Editorial and source context
What this Skill does
Agent Launcher Orchestrator is a source-indexed Agent Skill for development & engineering work. Based on the SKILL.md description, it focuses on use when a user wants to build, launch, grade, or schedule a claude managed agent (cma) in their own…. Use the linked GitHub file to confirm scope and prerequisites before enabling it.
What the author says
Use when a user wants to build, launch, grade, or schedule a Claude Managed Agent (CMA) in their own Anthropic account — "build me an agent", "launch this as a managed agent", "run this on a schedule", "grade my agent against a rubric", "set up a nightly worker". Reads the per-session goal (./my-agent/goal.json), routes deterministically to one of five phase sub-skills (interview → stage-launch → grade-iterate → run-without-you → wrap-up) via goal_router.py, and compiles the goal+phase into an execution shape (single-pass workflow / bounded grade→iterate loop / recurring cron deployment loop) via loop_compiler.py. Forks context so heavy intake (build sheets, payloads, eval cases) stays out of the parent thread. All launches are emitted as BYOK curl the user runs with their own key; no tool makes API calls. Inspired by anthropics/launch-your-agent (Apache-2.0). Distinct from engineering/agent-harness (generic domain loop) and engineering/write-a-skill (authors Claude Code skills, not CMAs).

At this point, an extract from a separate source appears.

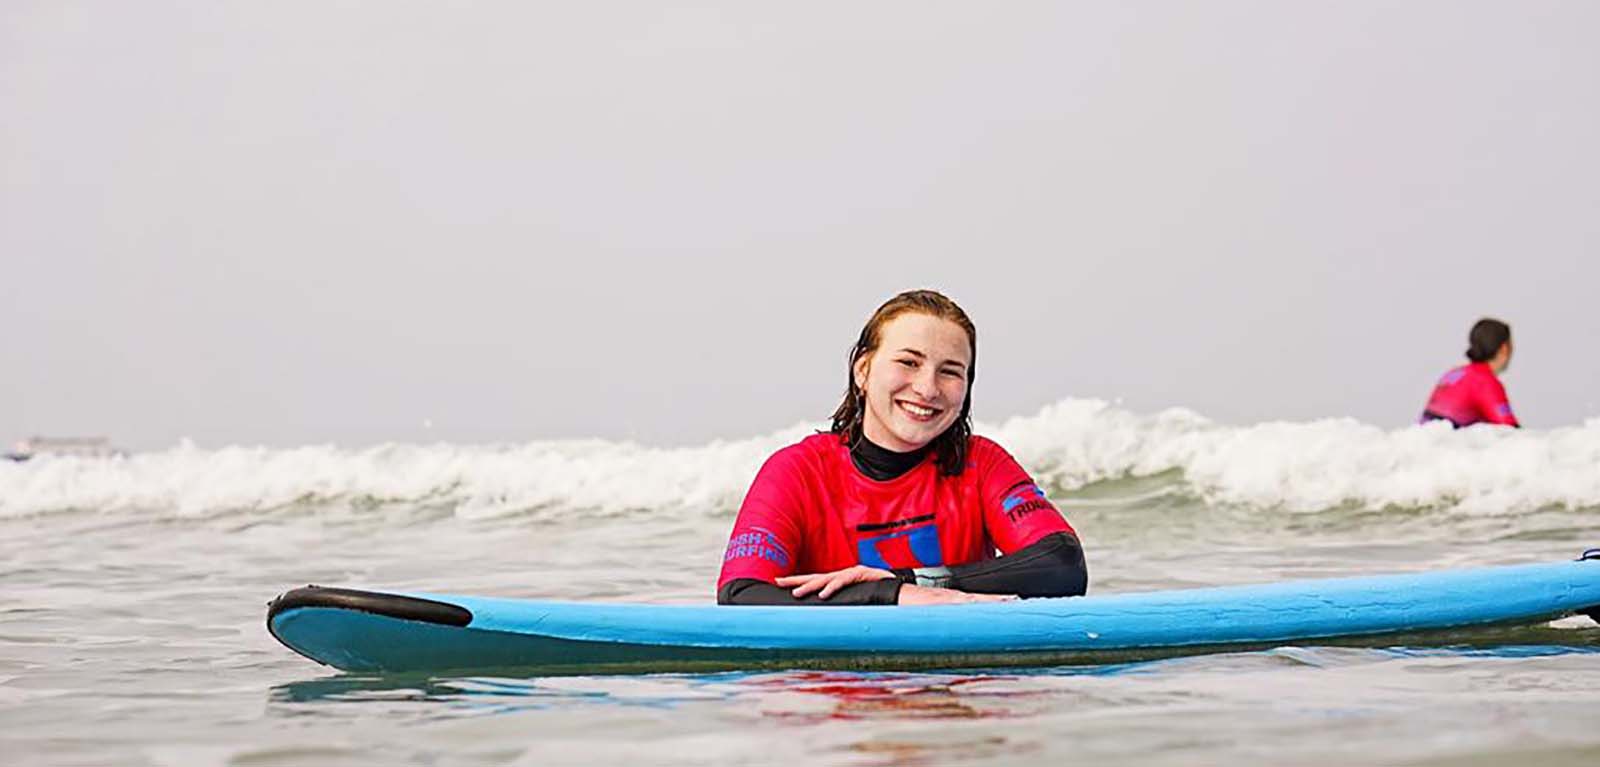 Tessa on a surf board

Compatibility and requirements
- Use an agent runtime that supports Agent Skills and the linked SKILL.md format.
- Confirm the source repository's tools, SDKs, and platform prerequisites for api design work.
How to install or import it
- Open the linked GitHub SKILL.md and review its scope and setup instructions.
- Install or import the skill using the agent runtime's documented workflow.
- Run a small, non-sensitive test and verify the output before broader use.
Permissions and risks
- Review every command, file path, network request, dependency, and credential scope before enabling it.
- GitHub stars indicate popularity, not safety or correctness; validate the source and test with non-sensitive data.
Example workflows
- Ask an AI agent to apply Agent Launcher Orchestrator to api design work described in the source record.
- Have the agent state assumptions, required tools, and expected output before using this development & engineering skill.
- Compare the result with the linked GitHub SKILL.md and verify it against your project requirements.
Related Agent Skills
More source records in Development & Engineering.